File metadata and controls

70 lines (49 loc) · 3.54 KB

Summary

This directory contains vulnerable regex detectors. These detectors identify regexes that are vulnerable to catastrophic backtracking.

The detect-vuln.pl driver accepts:

  • 'pattern' (regex pattern to test)
  • ['detectors'] (array of names of detectors to query)
  • ['timeLimit'] (in seconds, time granted to each detector)
  • ['memoryLimit'] (in MB, memory granted to each detector)

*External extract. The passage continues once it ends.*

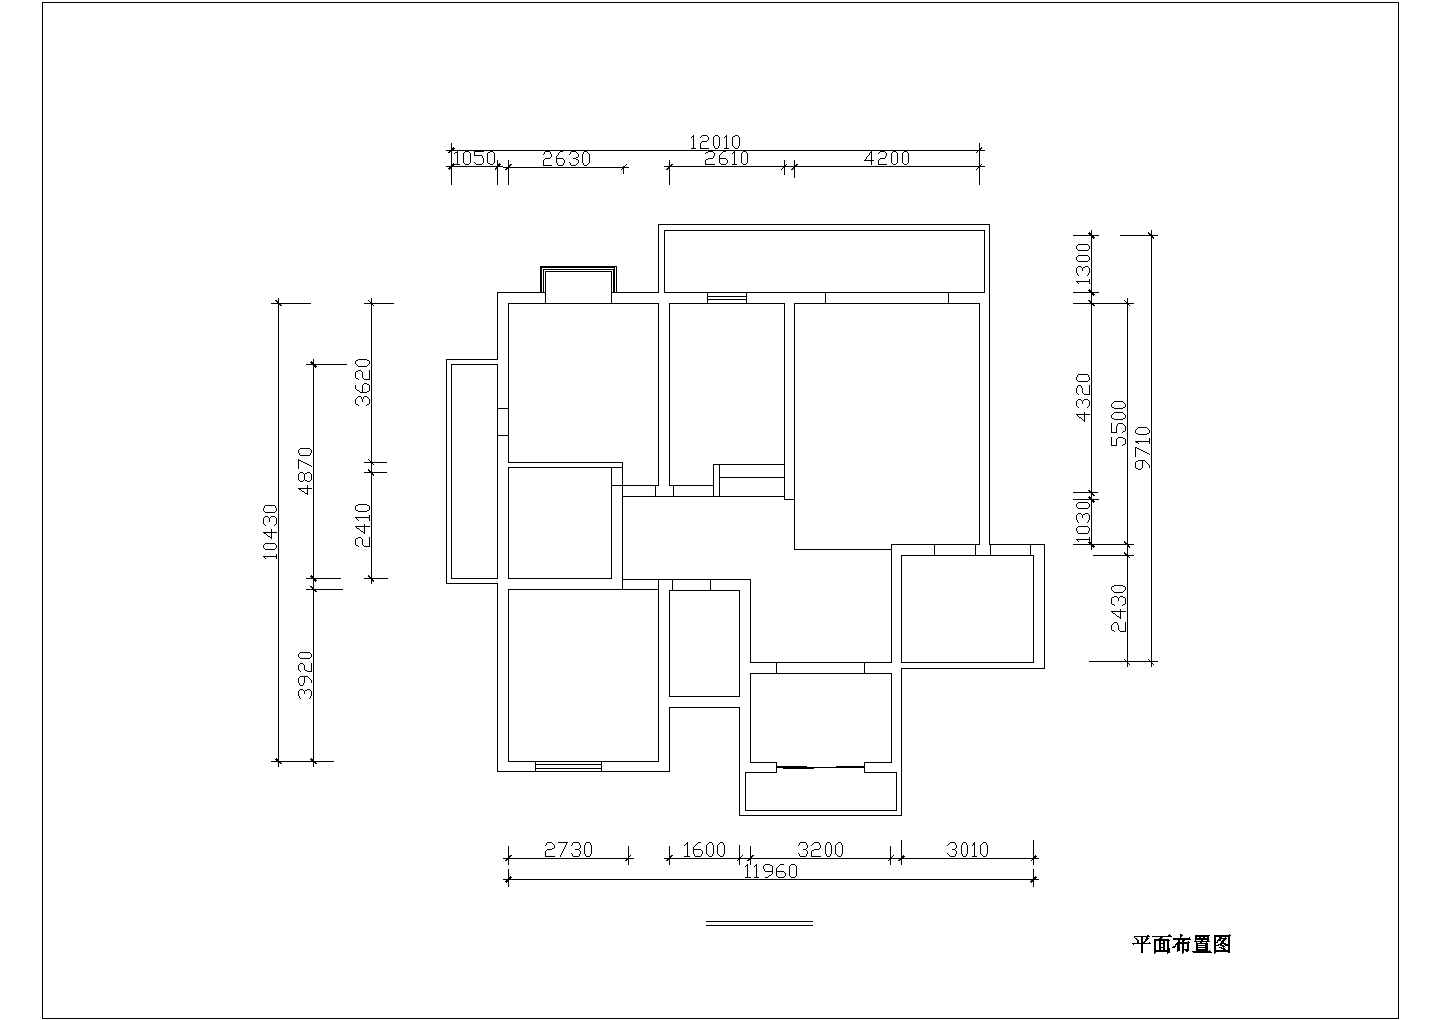 复旦科技园人才公寓内130平米室内家装设计cad方案施工图布置图
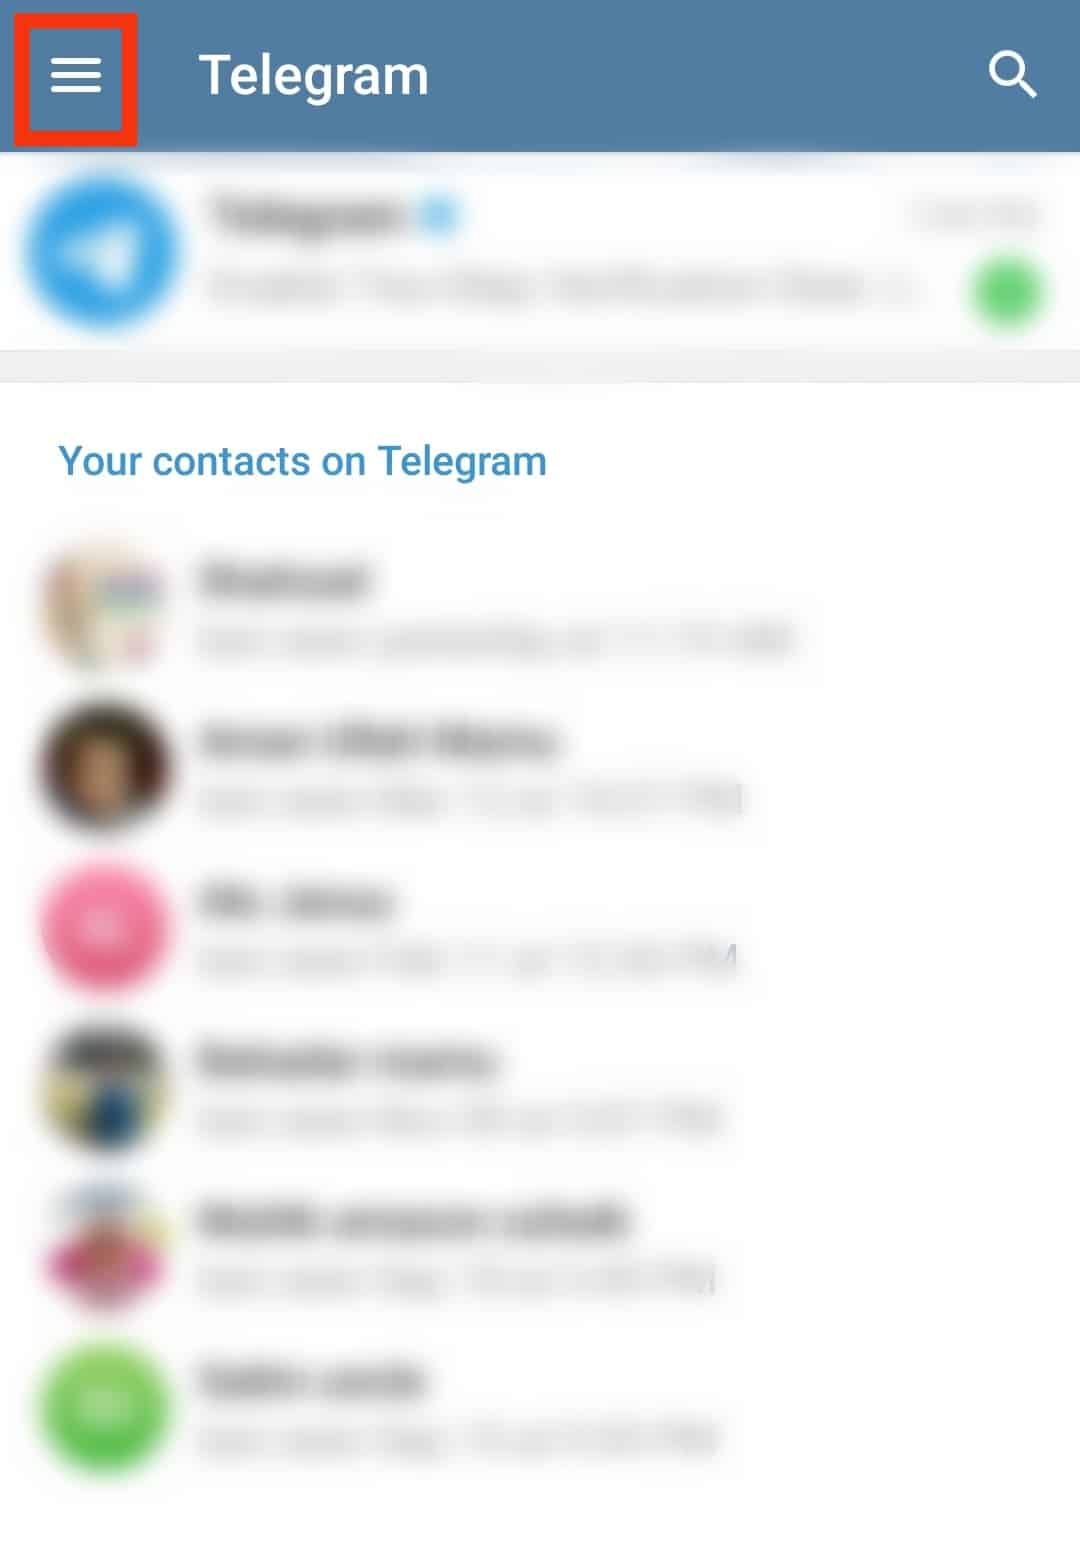 Cómo ver contactos bloqueados en Telegram?

and queries the requested detectors on the regex while applying per-detector time and memory limits. It prints a summary in JSON to STDOUT.

See usage message for details.

Directory structure

  1. After you run ./configure, the src/detectors/ dir contains a built version of each detector.
  2. The src/drivers dir contains a driver for each detector. This layer lets detect-vuln.pl query detectors with a uniform interface.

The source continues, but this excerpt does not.